*Work item*
Once the line holding "Op donderdag 23" is found in the listing below, write it out and each later line exactly, up to and including the one holding "Food and Fibre Gippsland logo".

*Supplied information*
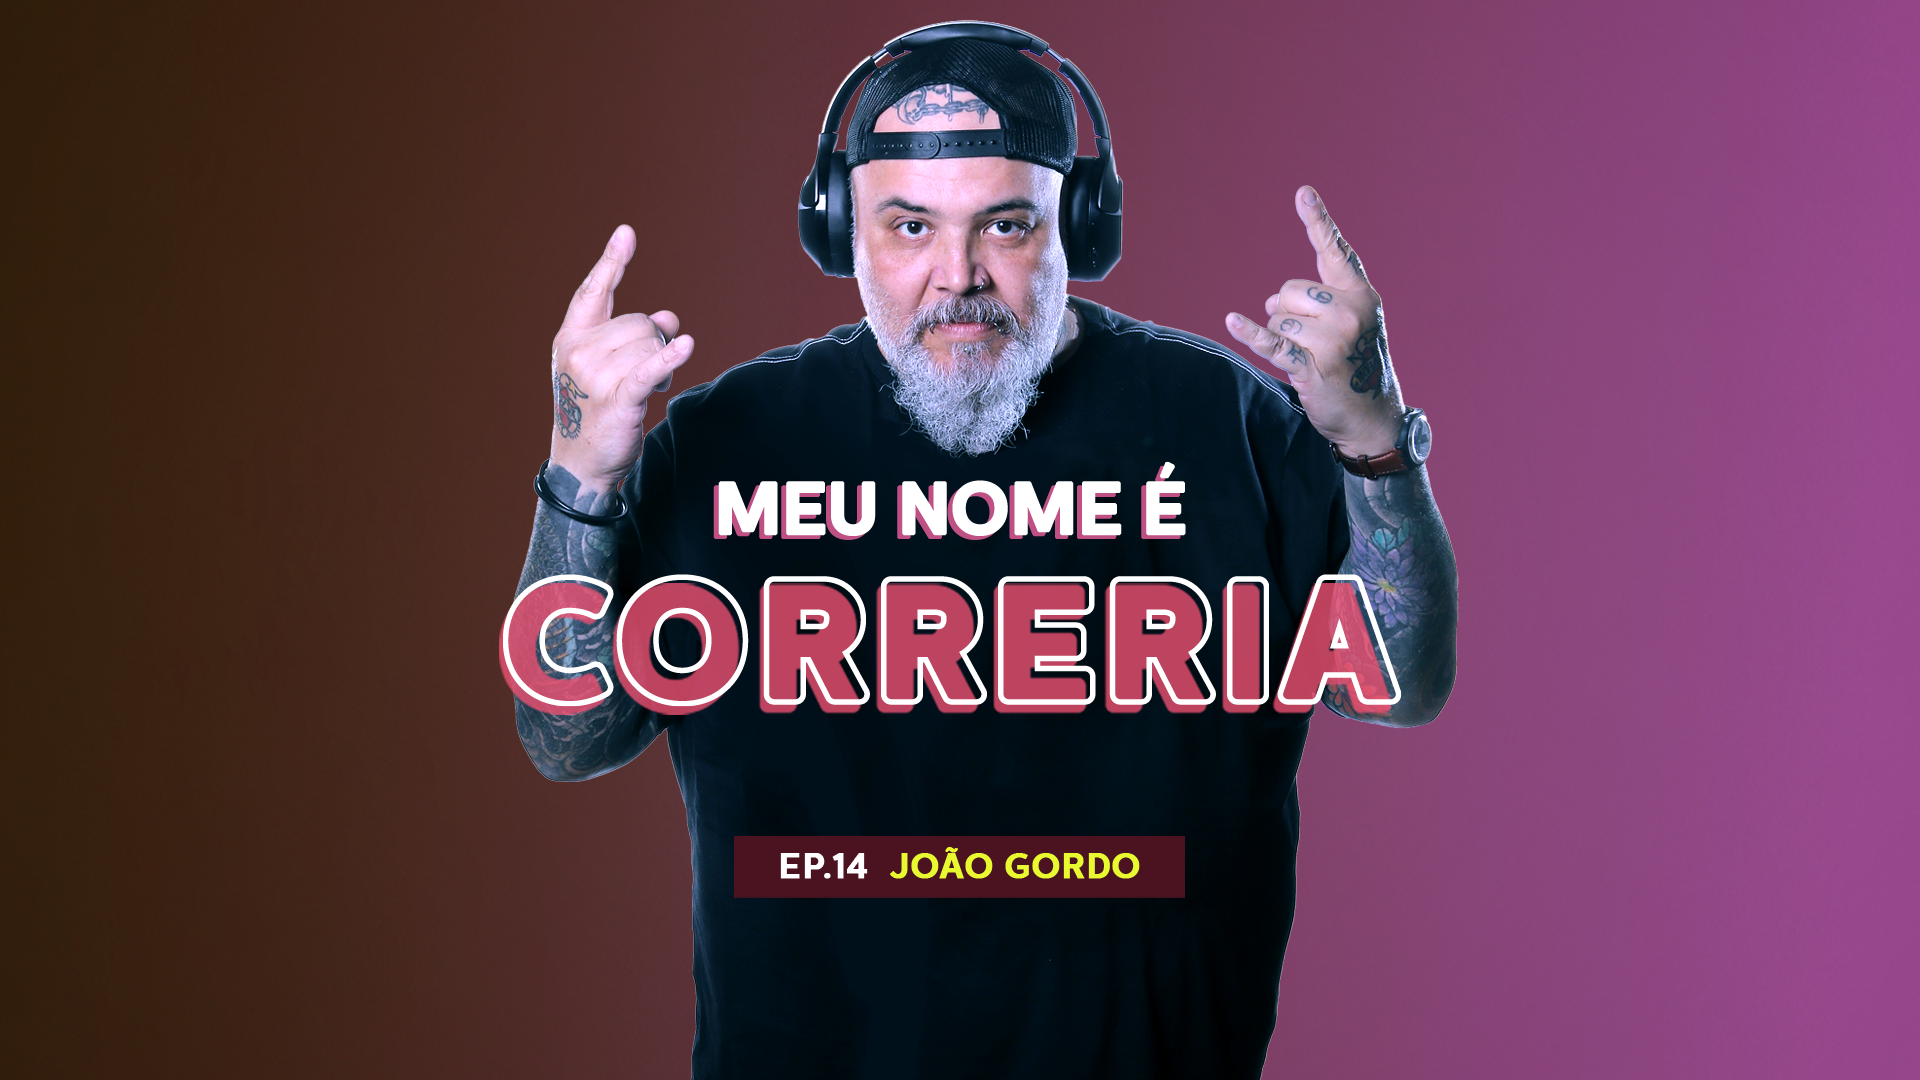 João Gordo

==

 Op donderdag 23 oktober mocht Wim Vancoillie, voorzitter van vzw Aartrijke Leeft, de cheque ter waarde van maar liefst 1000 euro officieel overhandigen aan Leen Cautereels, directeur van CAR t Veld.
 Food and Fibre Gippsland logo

*Response to this task*
 Op donderdag 23 oktober mocht Wim Vancoillie, voorzitter van vzw Aartrijke Leeft, de cheque ter waarde van maar liefst 1000 euro officieel overhandigen aan Leen Cautereels, directeur van CAR t Veld.
 Food and Fibre Gippsland logo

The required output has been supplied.